TASK OBJECTIVE: Among the lines of the listing below, retype exactly those from the one containing "Vista aérea de" through the one containing "Ein Tourist, der", both included. Do not include pictures.

RECORDS SHOWN:
☆ ☆ ☆ ☆ ☆ ☆ ☆

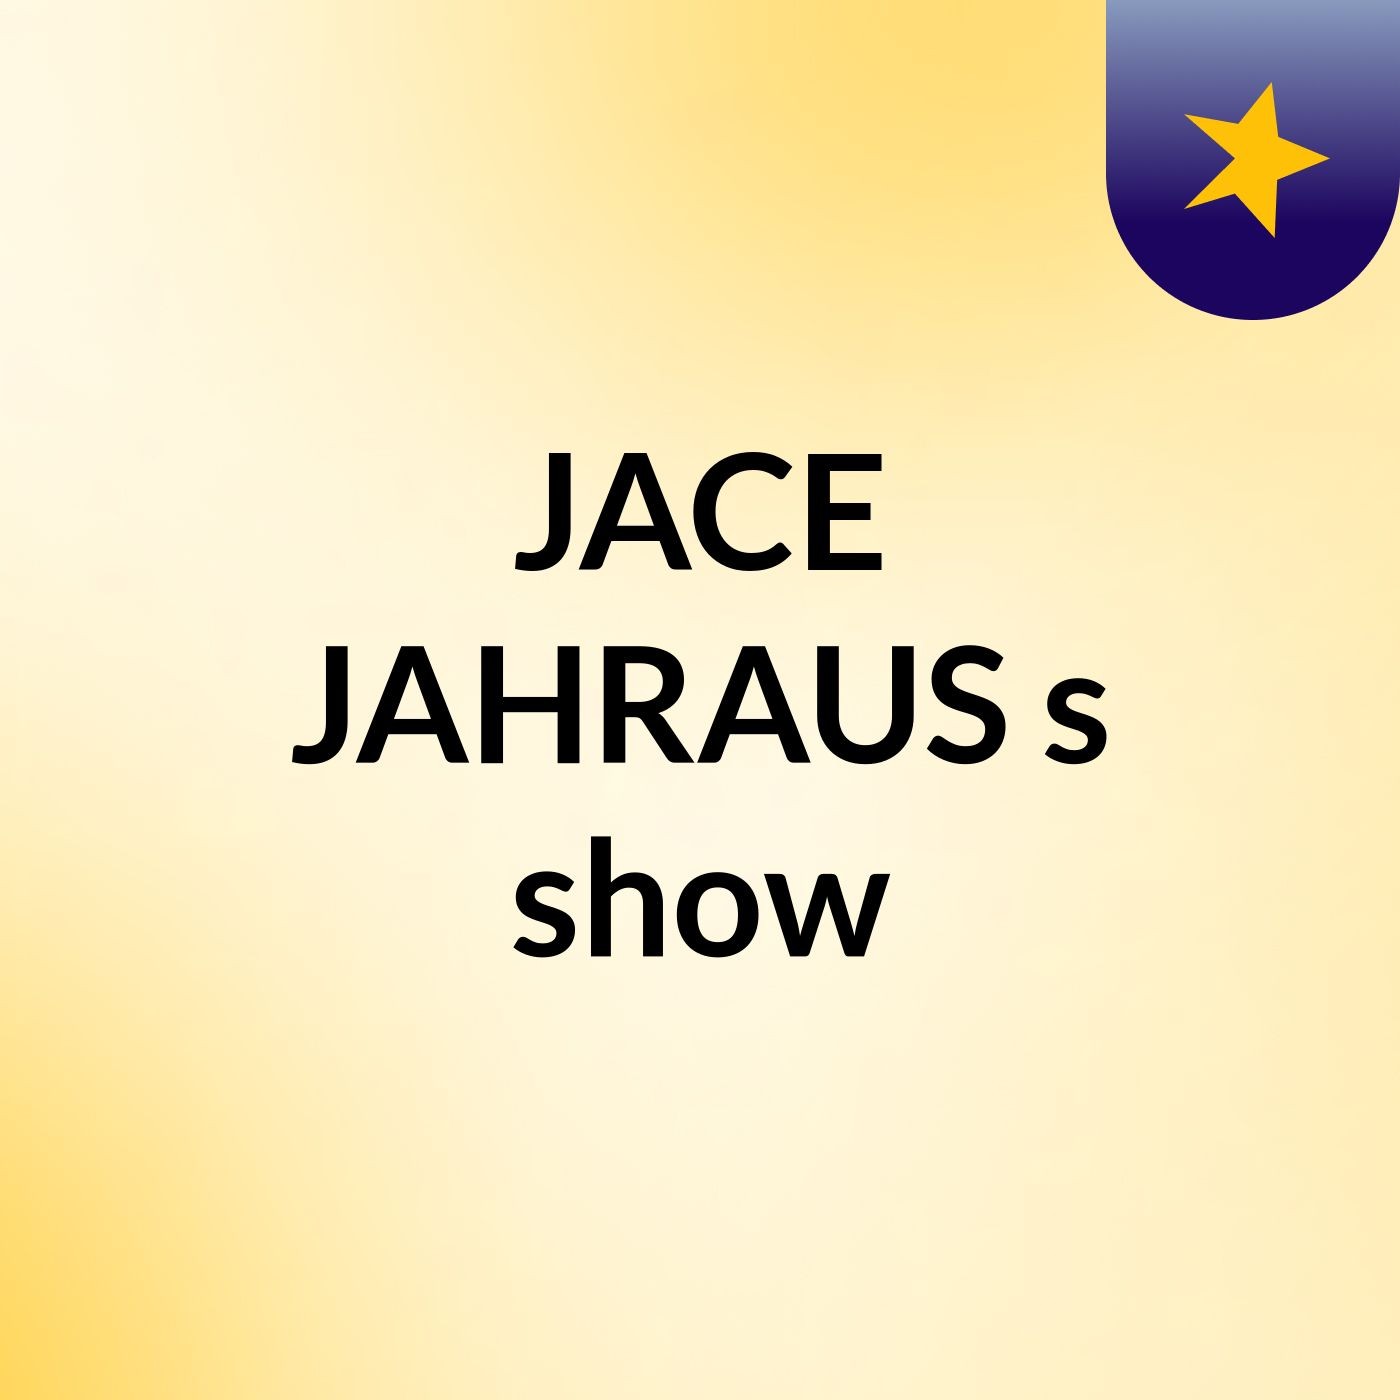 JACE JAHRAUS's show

☆ ☆ ☆ ☆ ☆ ☆ ☆

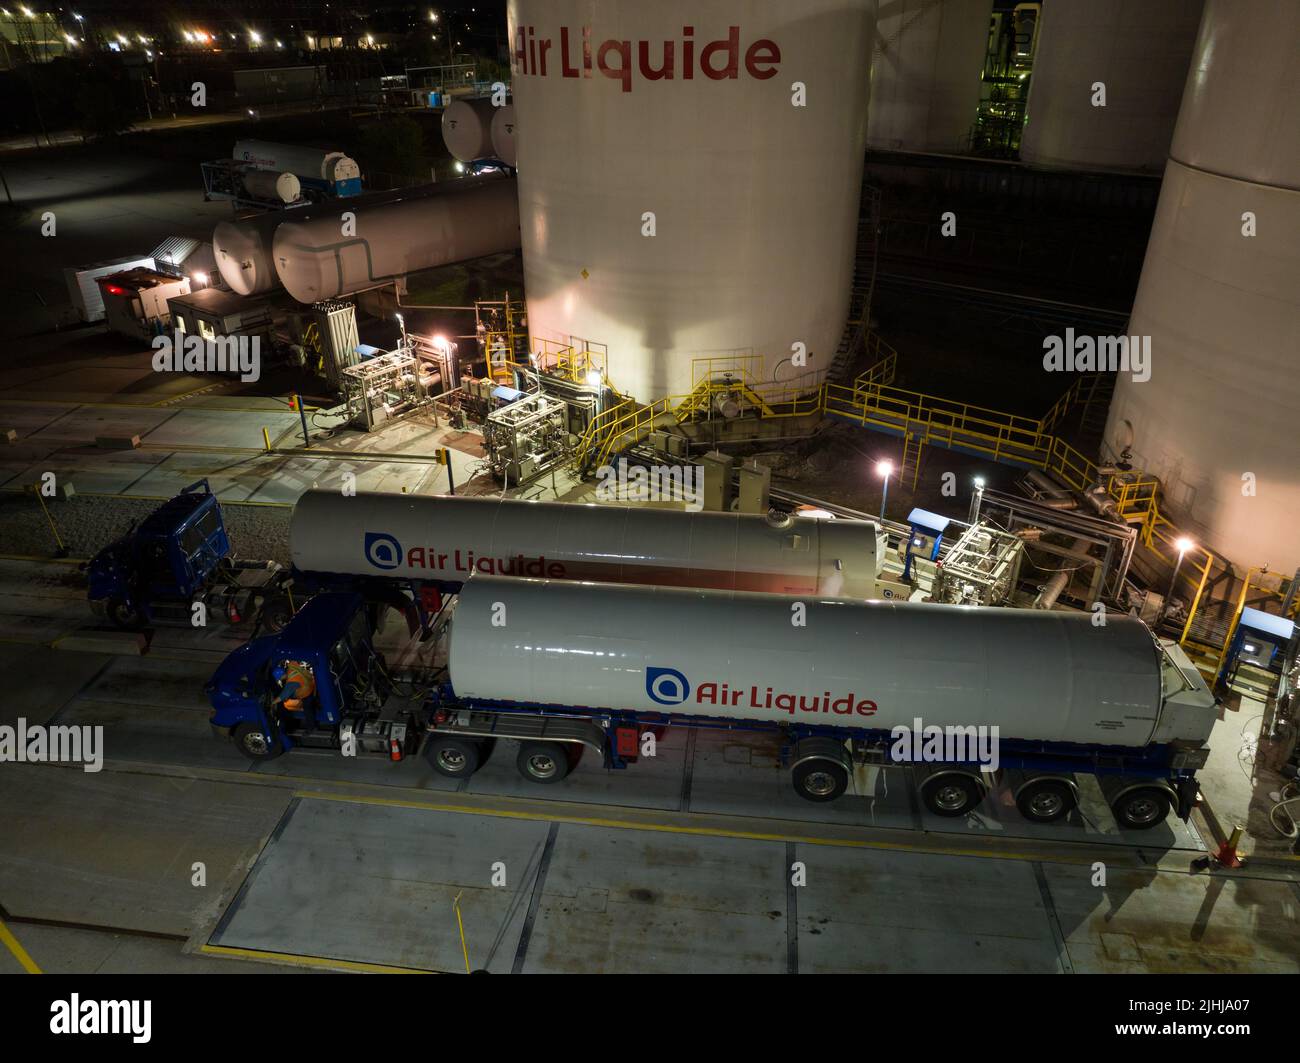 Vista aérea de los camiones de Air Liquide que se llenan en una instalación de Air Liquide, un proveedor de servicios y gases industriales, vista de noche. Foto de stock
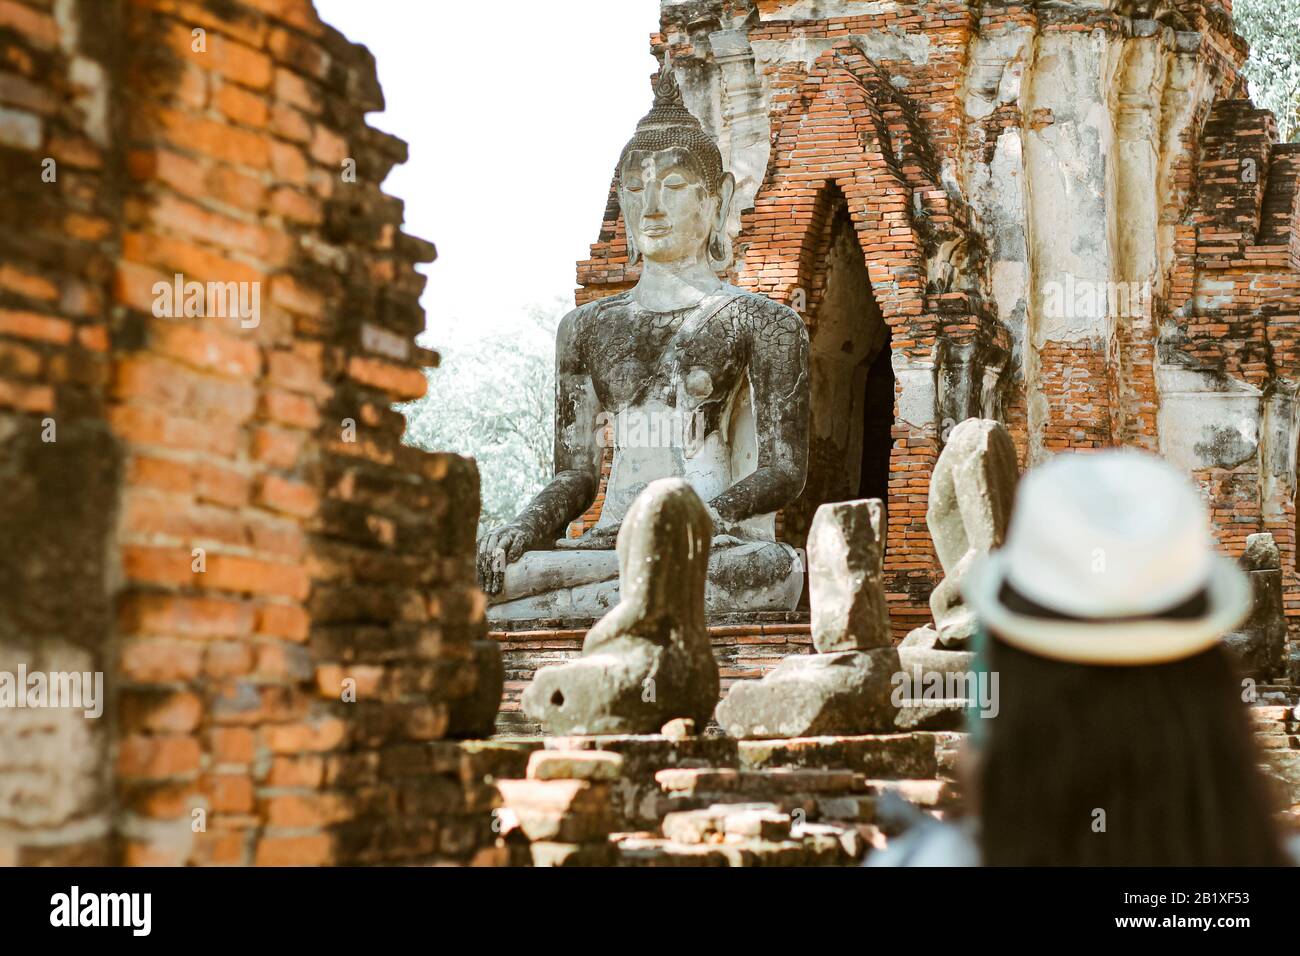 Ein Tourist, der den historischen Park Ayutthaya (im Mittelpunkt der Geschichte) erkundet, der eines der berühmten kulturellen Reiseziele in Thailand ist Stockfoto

☆ ☆ ☆ ☆ ☆ ☆ ☆

SOLUTION FOR THIS EXERCISE:
 Vista aérea de los camiones de Air Liquide que se llenan en una instalación de Air Liquide, un proveedor de servicios y gases industriales, vista de noche. Foto de stock
 Ein Tourist, der den historischen Park Ayutthaya (im Mittelpunkt der Geschichte) erkundet, der eines der berühmten kulturellen Reiseziele in Thailand ist Stockfoto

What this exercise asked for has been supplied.